==== SUPPLIED DATA

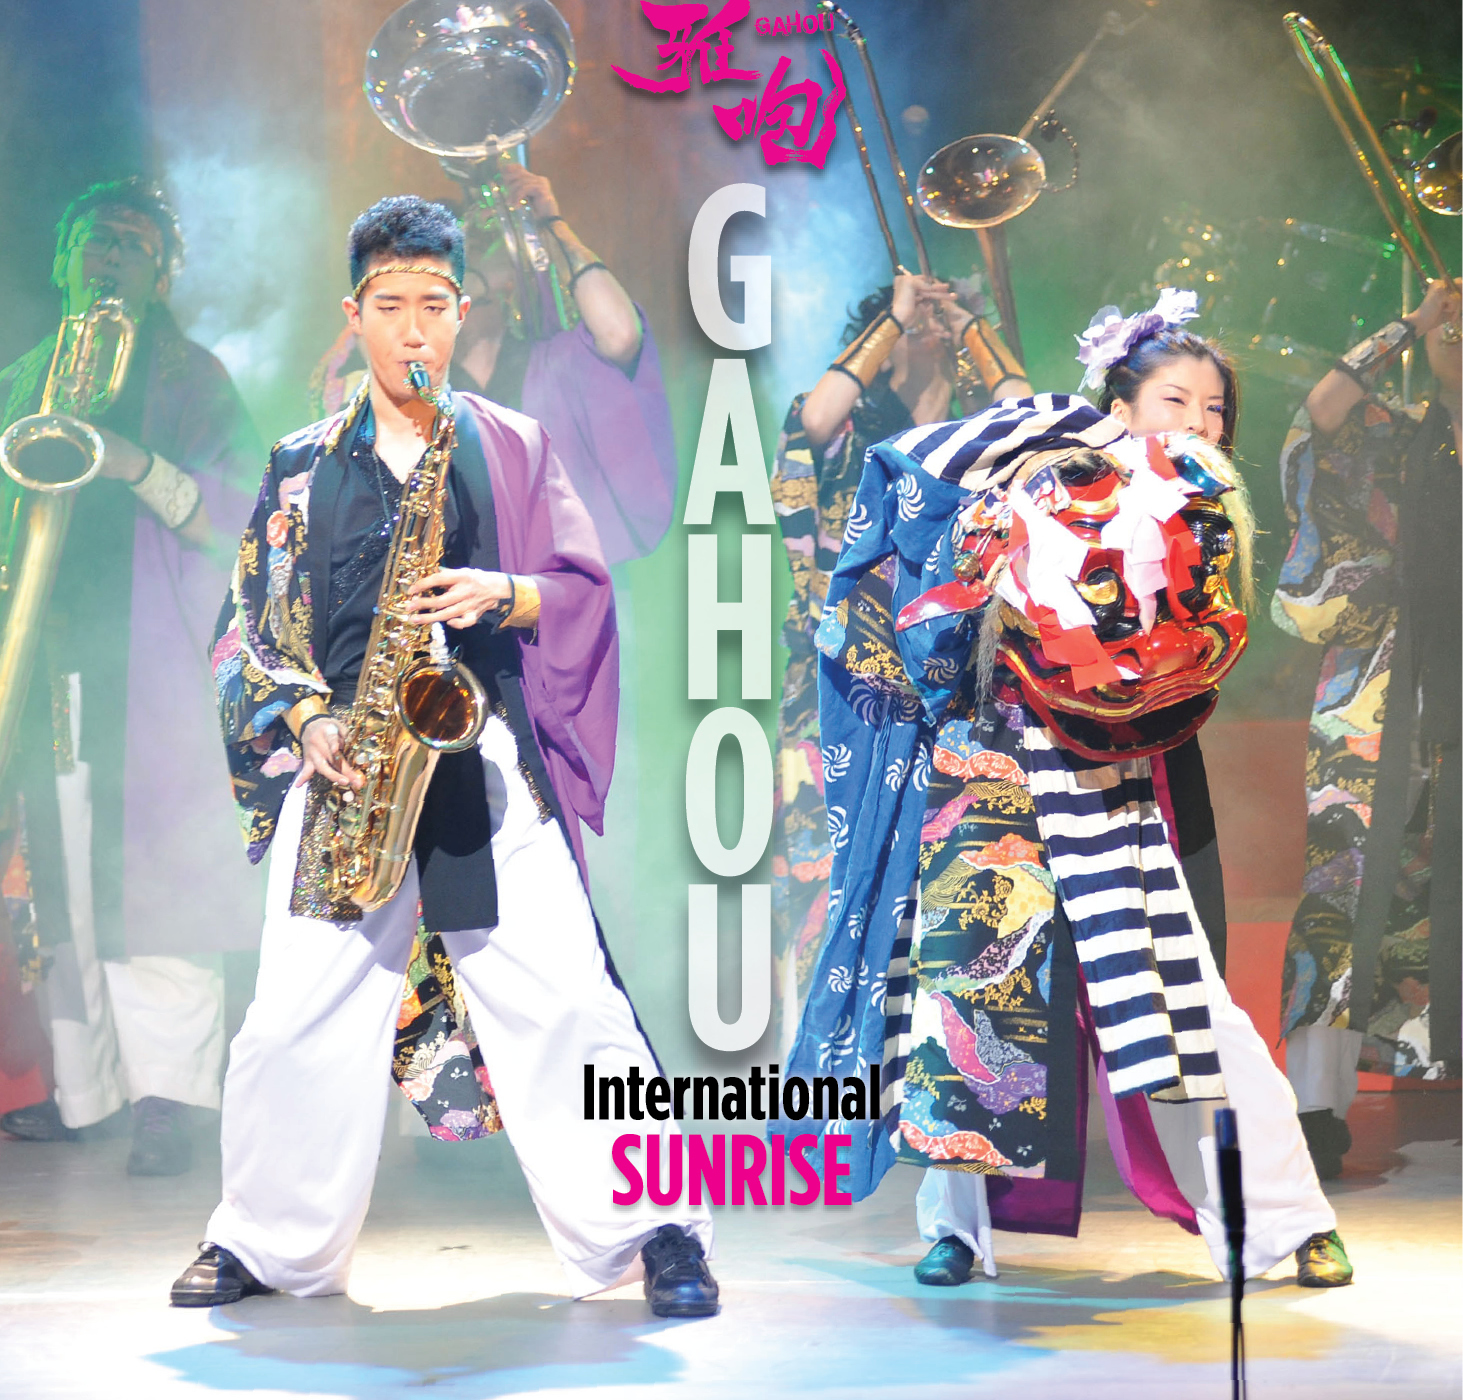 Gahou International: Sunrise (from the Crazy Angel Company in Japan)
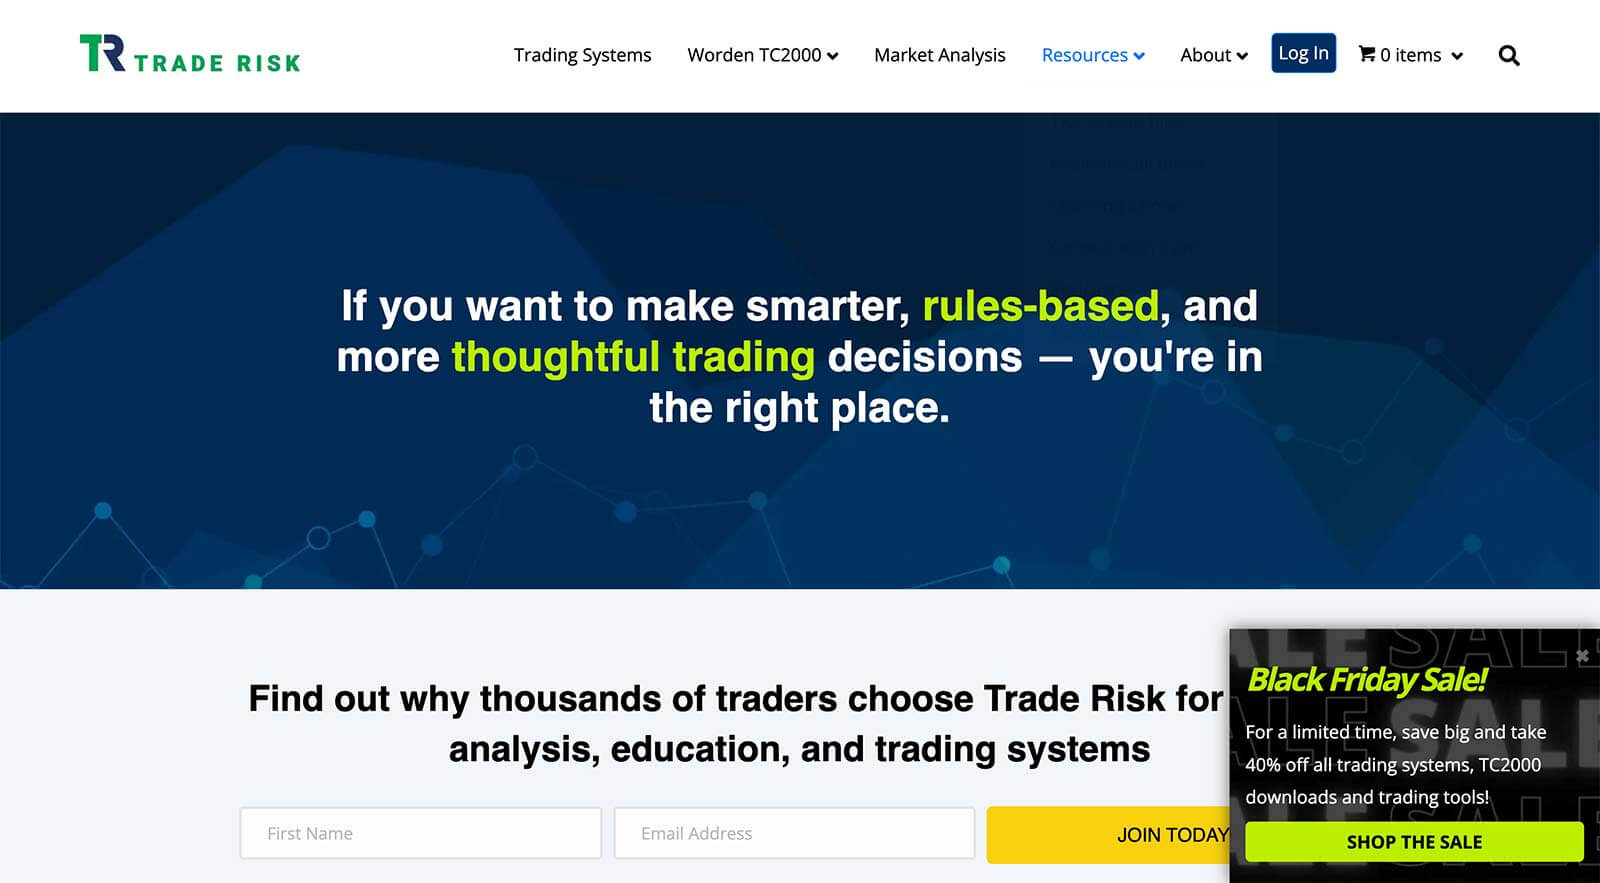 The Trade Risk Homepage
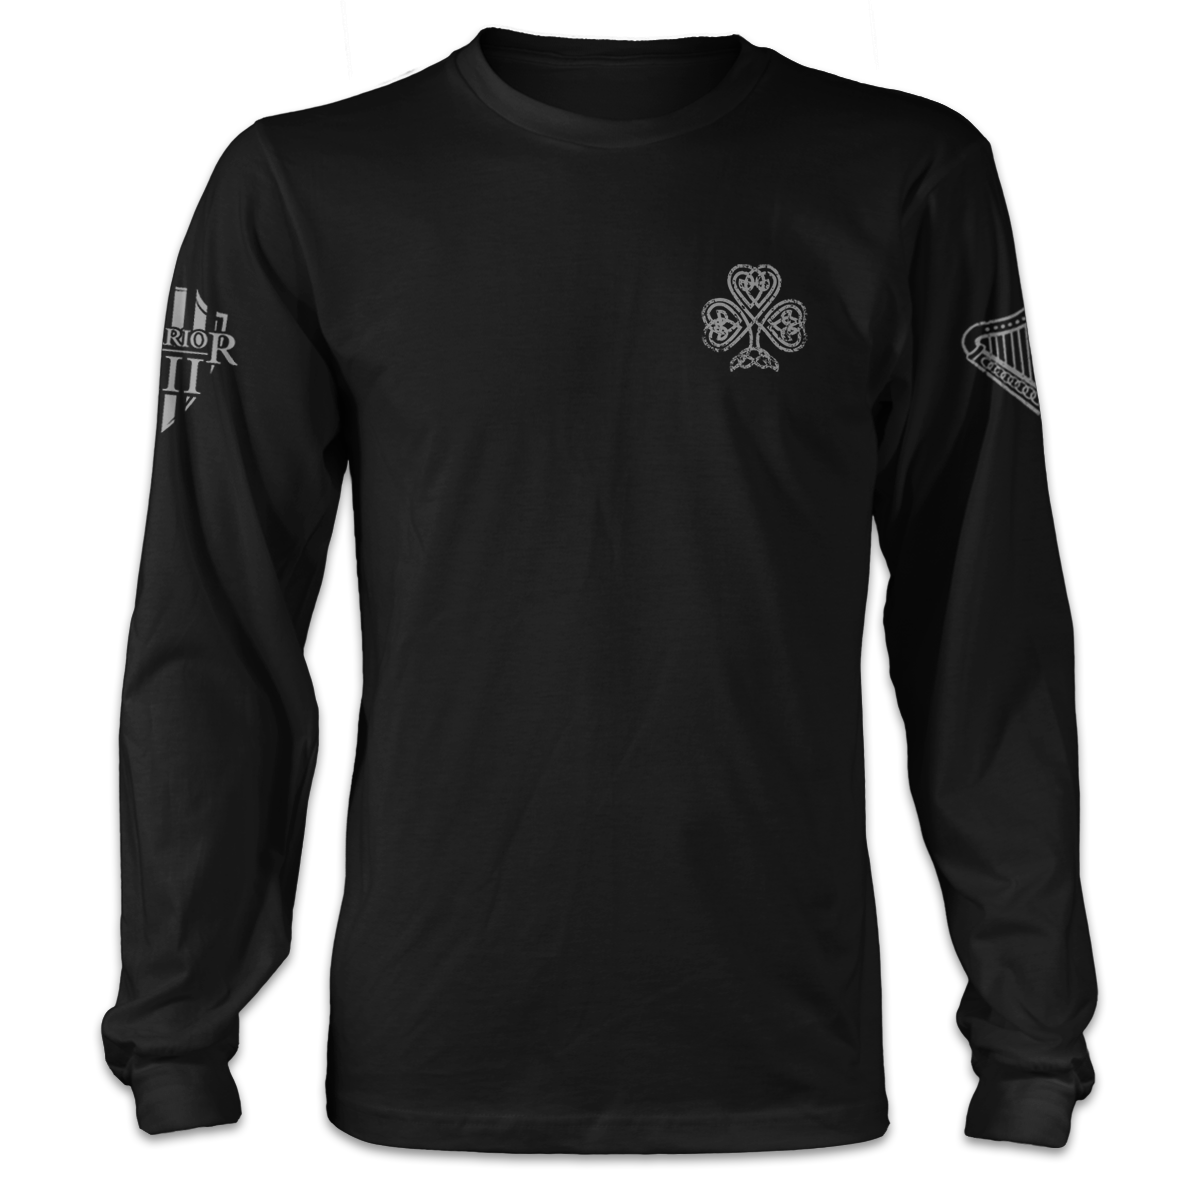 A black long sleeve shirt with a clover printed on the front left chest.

========

● REQUIRED WORK:
Line by line, write out the material above exactly, with no images.

● ANSWER AREA:
 Gahou International: Sunrise (from the Crazy Angel Company in Japan)
 The Trade Risk Homepage
 A black long sleeve shirt with a clover printed on the front left chest.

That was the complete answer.